The holistic BS does not work for public education. I need full transparency on how my tax $$ are being spent. If not, be prepared for school vouchers. Won't be pretty.

Colleges got away with that sh*t because people were honestly sleeping through that change. Do you realize how much we subsidize those colleges - Public and Private? What right do they have to use MY money and deny me fair process. They are more than welcome to pay full taxes as I do and do what they want. I won't complain. Holistic away on your own dime!


Nope.

My tax money goes to support our community. Not just the entitled few.

My tax dollars are not for you to discriminate Asian Americans either.


Exactly. The judge's decision showed the school board made a racially discriminatory admissions policy based on emotions after George Floyd and attempted to shield the policy from public view. Not only was the board racist but grossly incompetent, neither of which should be tolerated in this rich, educated, and diverse county.


The admissions policy is race blind. It increases geographic & SES diversity.

Asian students are still accepted at a higher-than-average rate. And still are over-represented by a large amount. How is that “racially discriminatory”?

The comments were disgusting but the policy is a step in the right direction.


Read the opinion, or news reports on the issue, to answer your facetious question. As to your characterizing Asians as "over-represented," I will call that what it is: racism. Shame on you.


Asians ARE overrepresented at TJ, to a very significant extent.

That's not a matter of judgment or opinion - it is a numerical fact. East and Southeast Asians account for about 17-18% of the population of the TJ catchment area, and about 25-30% of the TJ population. South Asians account for about 5-8% of the population of the catchment area and about 40-45% of the TJ population pre-admissions changes.

We can have an argument here about whether or not Asians SHOULD be overrepresented at TJ (most arguments in favor generally come from a premise that Asians work harder than everyone else in STEM disciplines), but for someone to state that they ARE is not evidence of racism. It is evidence of the ability to read data.

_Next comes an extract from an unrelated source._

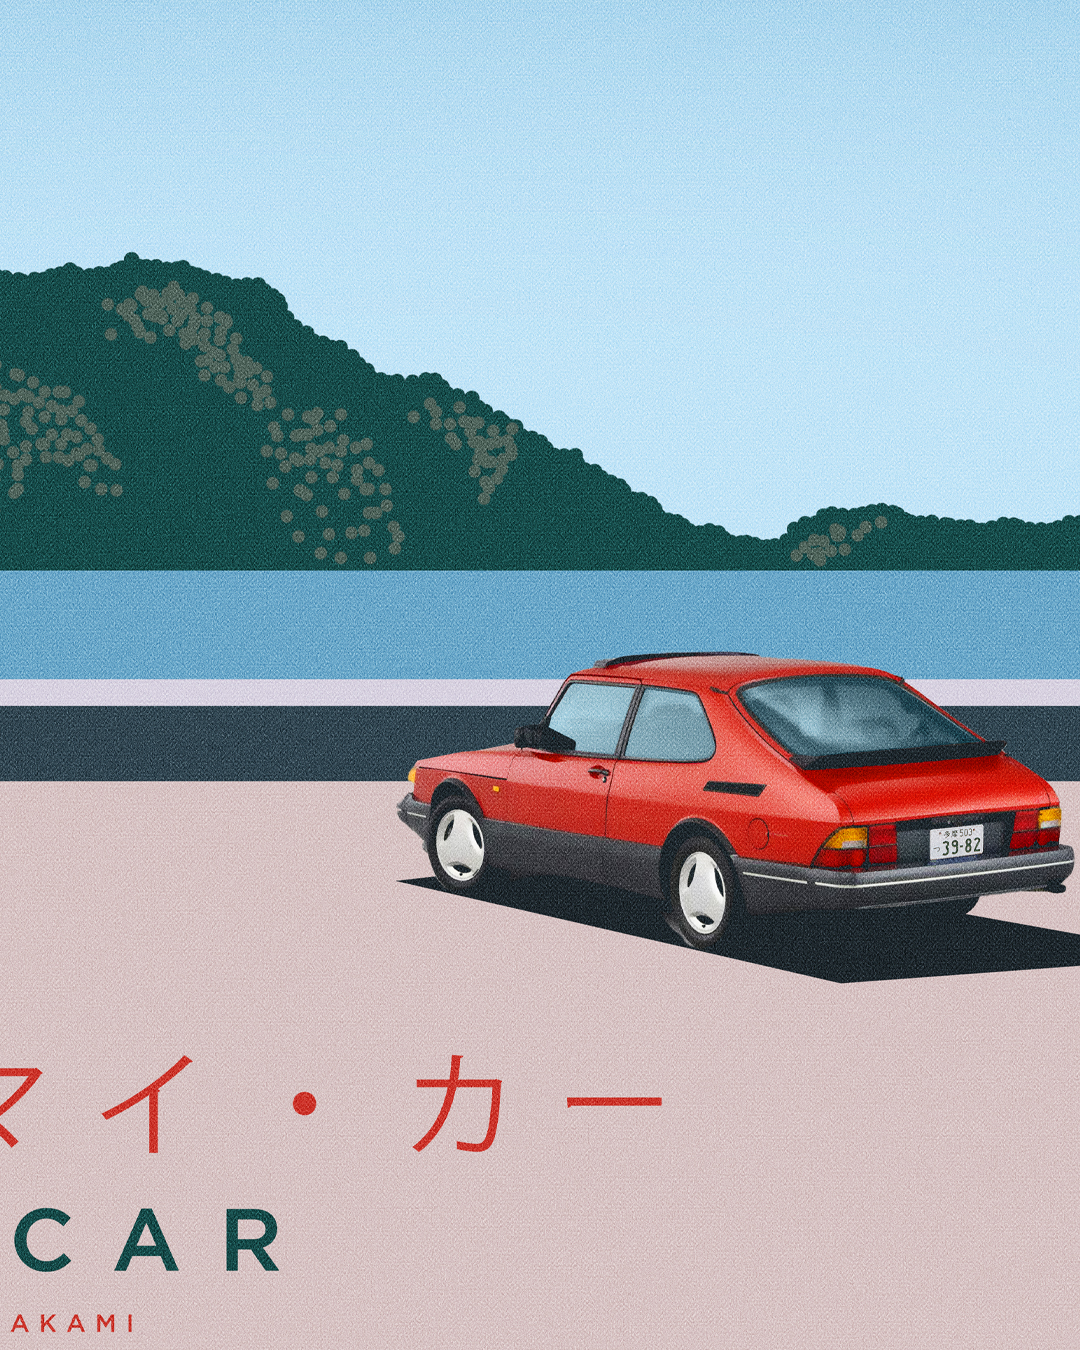 Drive My Car (2021) [in the style of Hiroshi Nagai]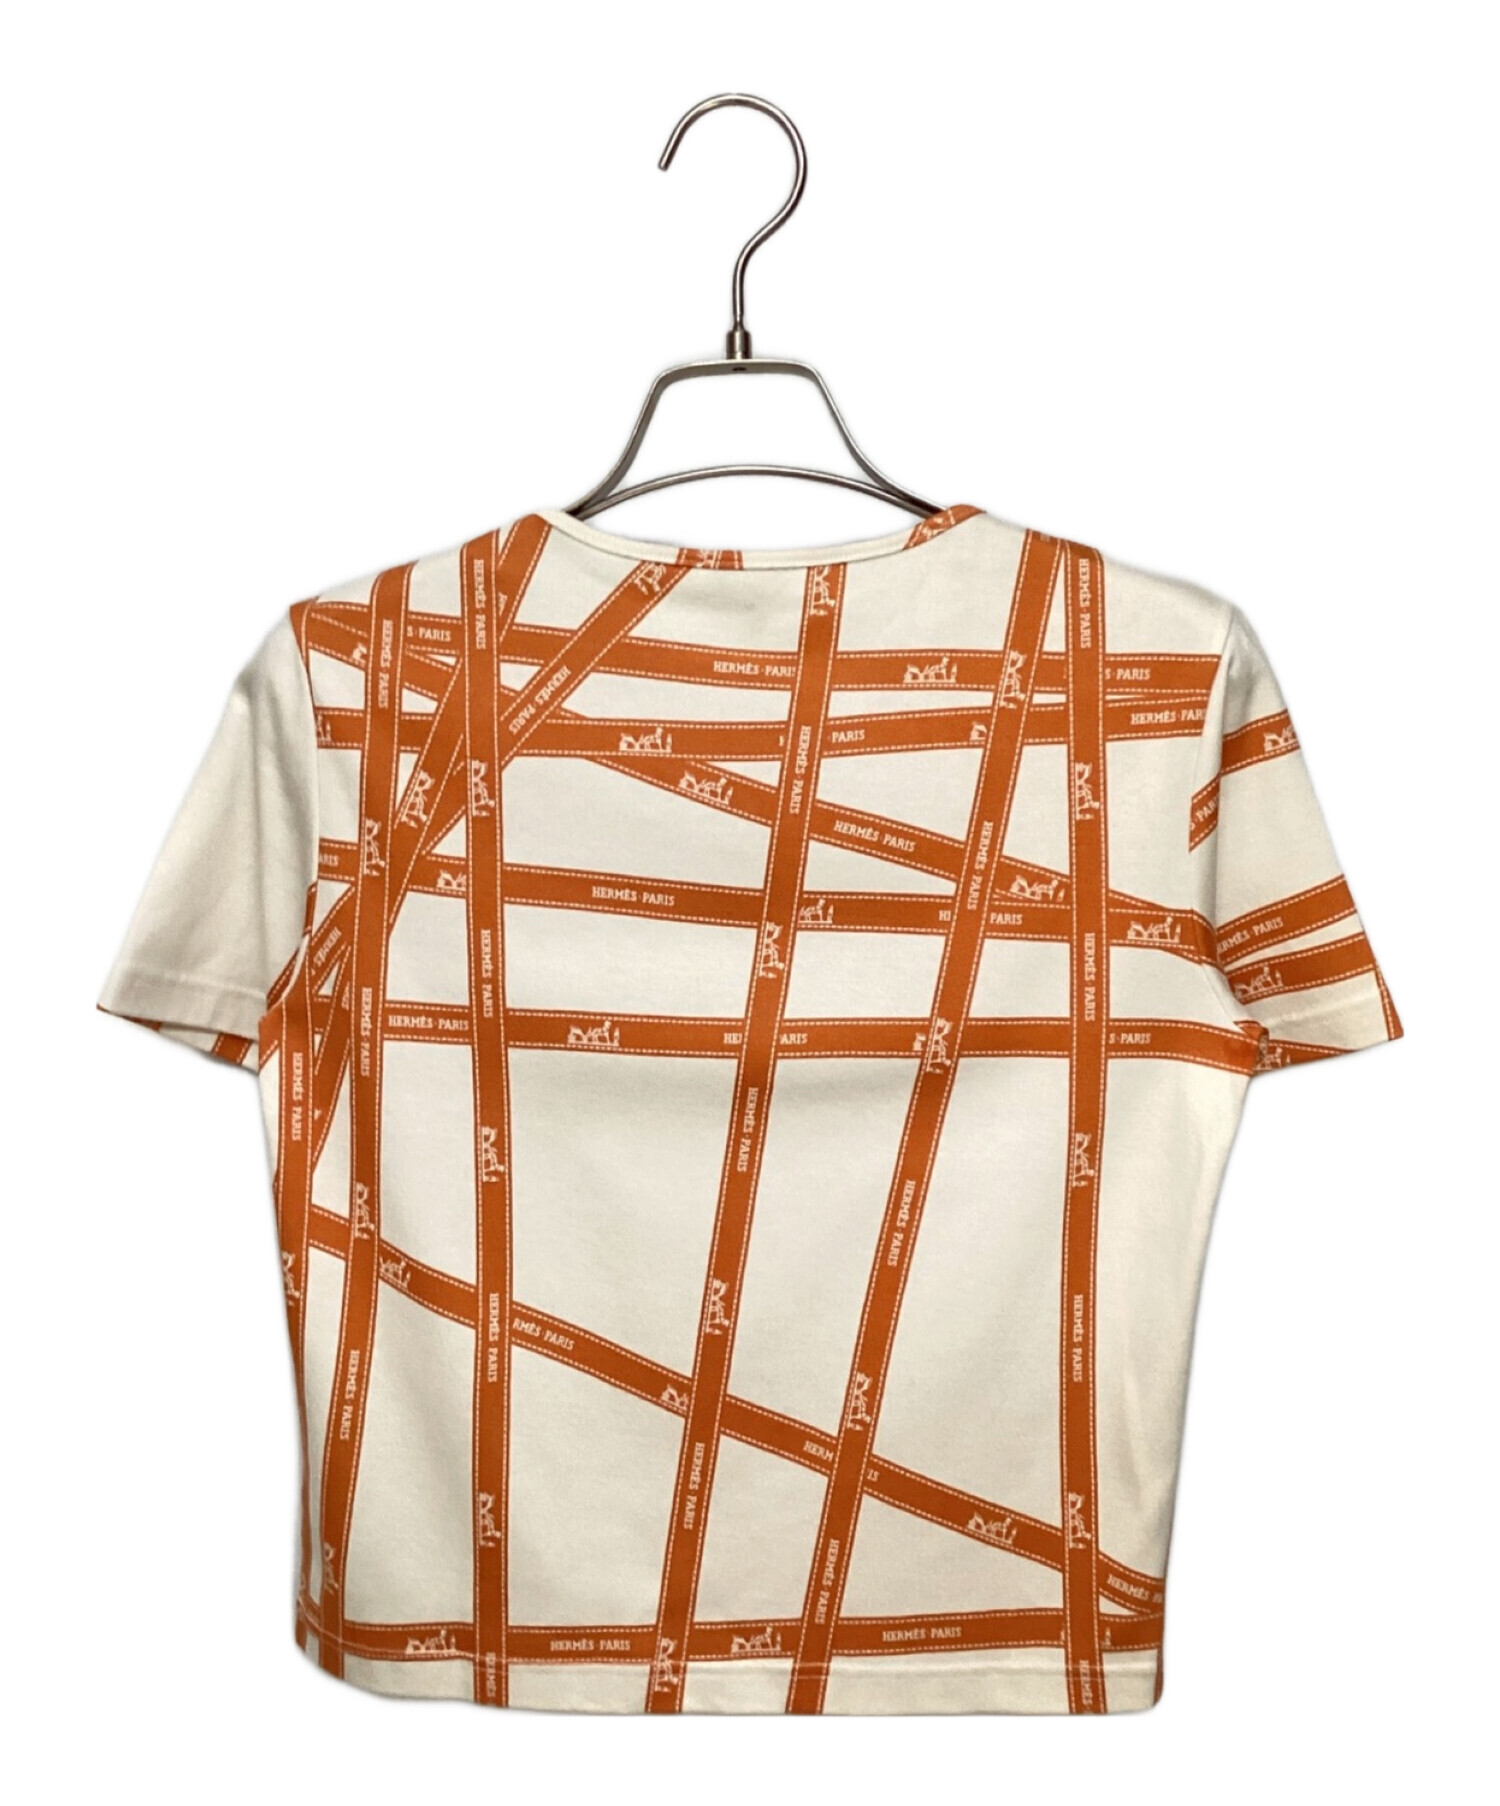 HERMES (エルメス) リボン柄Tシャツ ホワイト×オレンジ サイズ:ME

I can't believe that you don't see how racist it is for you to say a group is over-represented. You pronounce it as if you are god. Echoes of a country on Europe where a certain dude who thought like you pronounced a certain group as being over-represented.


It's literally a math problem. Black people are overrepresented in the NBA, white males are overrepresented in Congress.... the word "over-represented" does not inherently connote any sort of judgment whatsoever.

There are literally zero opinions in the post you quoted that one could use to divine my thought processes or motives. I'm simply correcting a misinterpretation of a word.


It is racist when you forcibly try to correct it by targeting the group. For example if you target black people in the NBA because they are over-represented. Exactly what FCPS tried to do at TJ by targeting the Asians. And that's why the judge saw it for what it was.


Your assertion is that the use of the word "over-represented" is racist. It is not. Period. It is a word that is mathematically accurate to use in this instance - indeed, there isn't another word that would be as accurate.

As I said, we can have an argument about whether or not the actions taken to address the over-representation are or were racist, either in their intent or in their impact. I think you can make an argument based on the sloppy communications of FCPS personnel that the intent might have been racist, and that's really disappointing.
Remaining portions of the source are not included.